# Back from Hiatus



## Xenomantis (Apr 24, 2009)

I've been gone for awhile, and most of you probably won't remember me.

Life decided to turn around and bite me, so things went a little nuts for awhile.

All my mantises have passed on, though I'm hoping one I released managed to lay an ooth in the shrubs.

I haven't kept any mantises for awhile, though I still get some ooths for the backyard. It was amazing to watch one of the ooths hatch out!  

I'm thinking about trying again this year, except with a focus of Chinese Mantids. They seem to be hardier in captivity than the Religiosa.

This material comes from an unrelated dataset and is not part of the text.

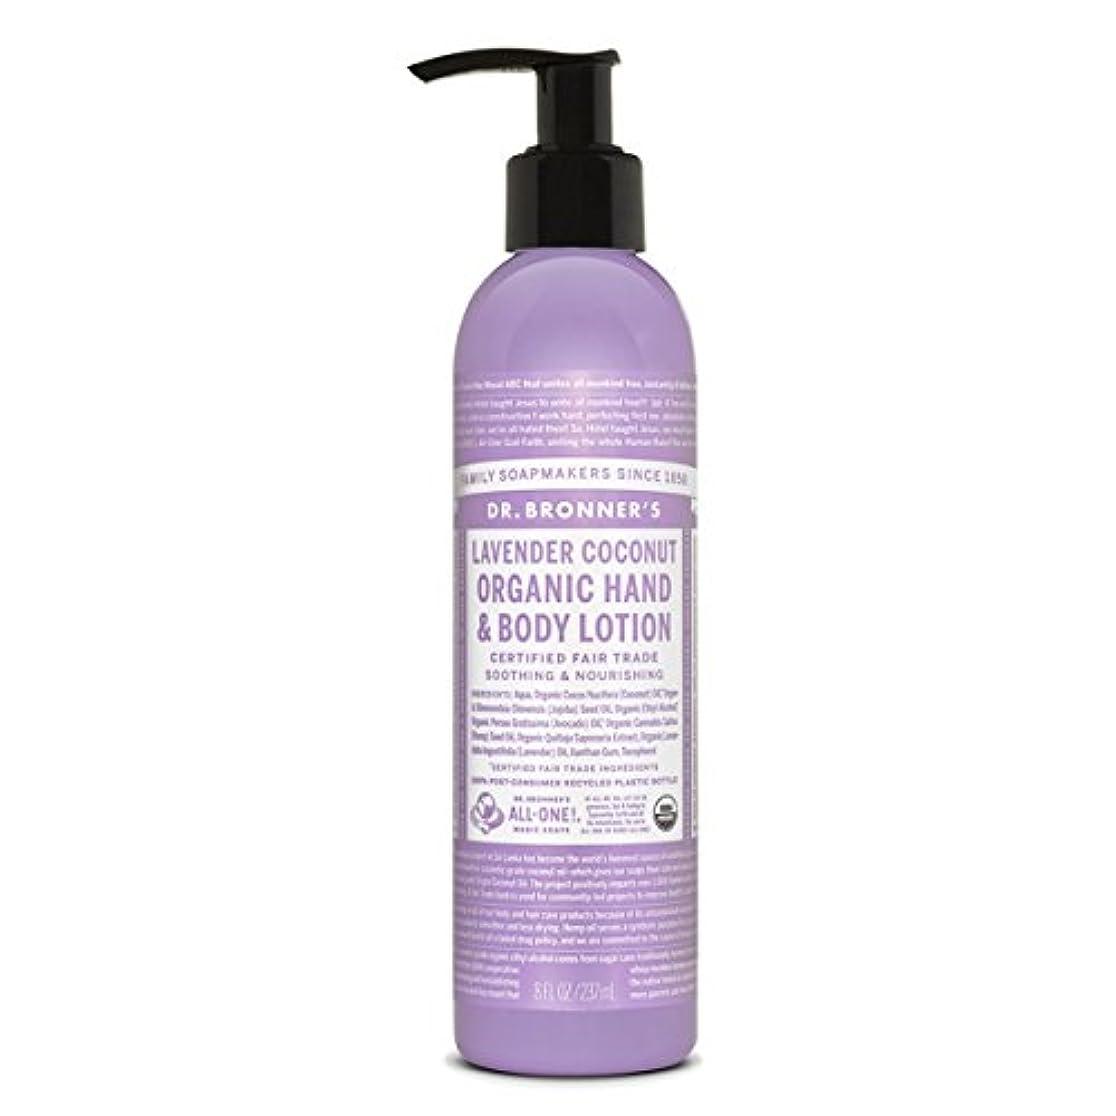 Dr. Bronner's Organic Lavender Coconut Lotion 235 ml (並行輸入品)

I'm going to try staying active here as much as possible.  

Good to be back!


----------



## Katnapper (Apr 24, 2009)

Hi there, Xenomantis.... welcome back!  Nice to meet you, and glad you're getting back into mantis keeping. Looking forward to seeing you around the boards...


----------



## Rick (Apr 24, 2009)

Welcome back, I remember ya.


----------



## Xenomantis (Apr 24, 2009)

Good to see you guys too!


----------



## hibiscusmile (Apr 24, 2009)

Of course we remember you, glad to see u here! :lol:


----------



## revmdn (Apr 24, 2009)

Welcome back.


----------



## Xenomantis (Apr 26, 2009)

Thanks guys!


----------



## The_Asa (Apr 26, 2009)

Welcome back...remembered!


----------